Published onJun 01, 2020
The Intrinsic Architectures of Planetary Systems: Eccentricity and Mutual Inclination Distributions in AMD-Stable Systems

The Kepler mission revealed hundreds of systems with multiple transiting planets, which provide key insights into the correlations within planetary systems and their architectures if the detection biases are properly accounted for. He, Ford, & Ragozzine (2019, 2020) developed a forward model (SysSim) to perform statistical inference on the intrinsic distributions of planetary systems around FGK dwarfs, by modeling the Kepler detection pipeline and comparing simulated catalogs to the Kepler catalog. In those studies, we found that planetary systems are clustered in periods and in sizes, and the fraction of stars with planets (with Rp > 0.5REarth and 3d < P < 300d) increases towards later type stars as a linear function of Gaia bp-rp color. We also showed that the observed multiplicity distribution can be well produced by two populations consisting of a low and a high mutual inclination component (Kepler dichotomy).

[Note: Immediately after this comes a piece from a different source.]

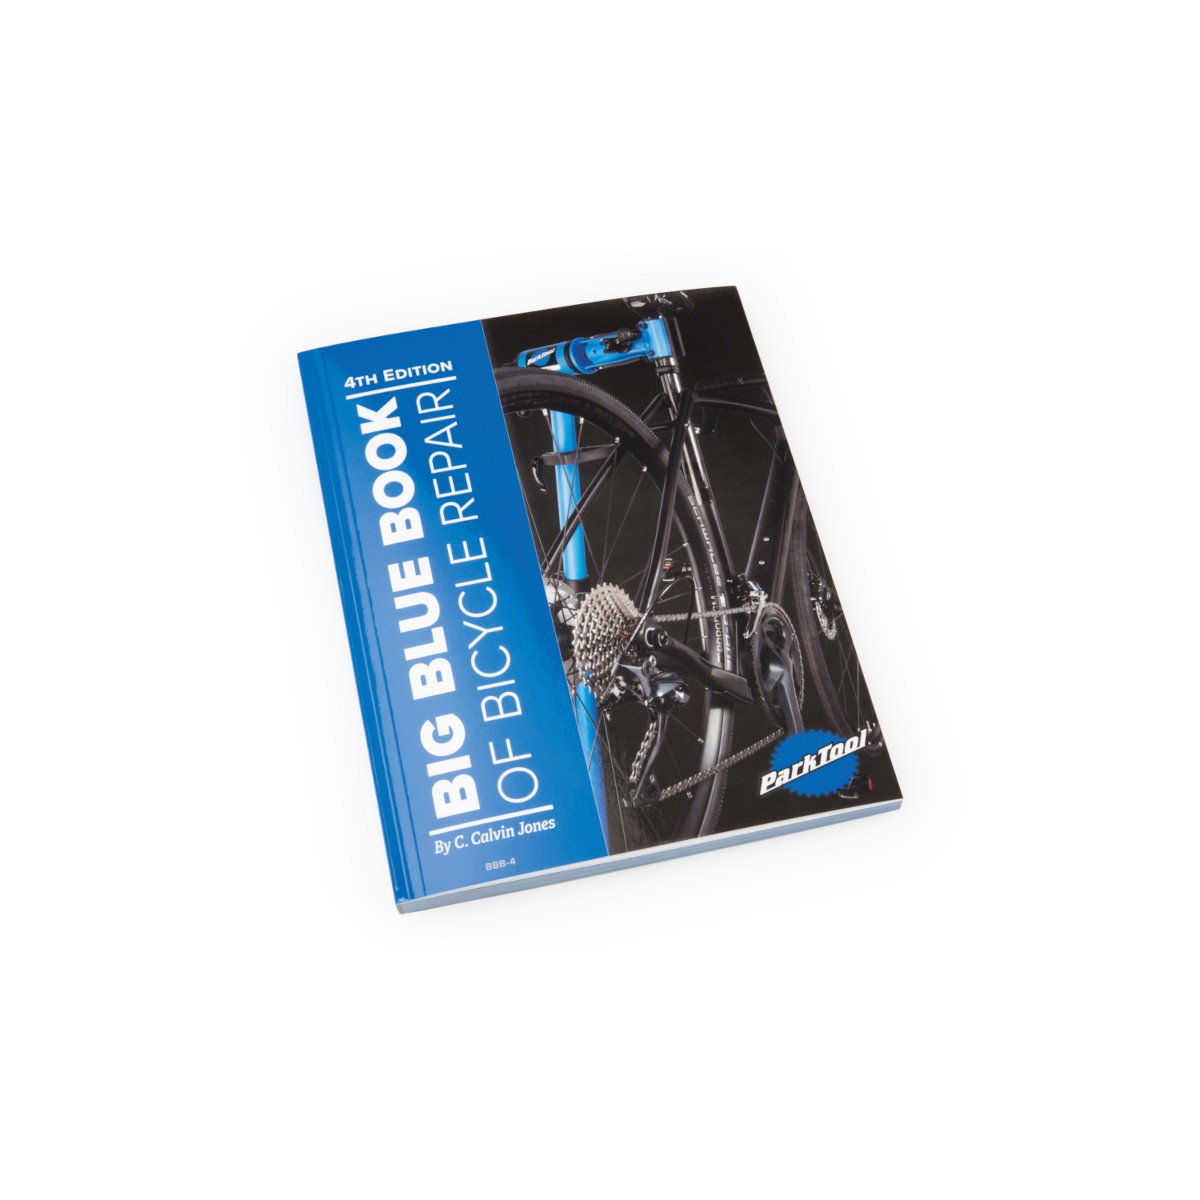 Park Tool Livre d'information pour réparations de vélo (anglais)

Here, we show that a broad, natural distribution of mutual inclinations arising from systems at the angular momentum deficit (AMD) stability limit can also match the observed population. In our new model, we distribute the maximum AMD of each multi-planet system amongst the planets and show that this results in a broad, multiplicity-dependent distribution of eccentricities and mutual inclinations. Systems with intrinsically more planets have lower eccentricities and mutual inclinations. For systems with more than five planets, their eccentricity and mutual inclination distributions are close to lognormal, unlike the previously assumed Rayleigh distributions. This trend with multiplicity arises from the dependence of the maximum system AMD on the minimum period ratio in the system, as systems with tightly-spaced planets must have low AMD in order to remain stable. We also find evidence that intrinsic single planets have higher eccentricities than multi-planet systems, although their distribution is not well constrained. We provide a public code for simulating (intrinsic and observed) planet catalogs from our models, which can be used to inform RV follow-up efforts in the search for additional non-transiting companions in systems with transiting planets (such as those observed from the TESS mission).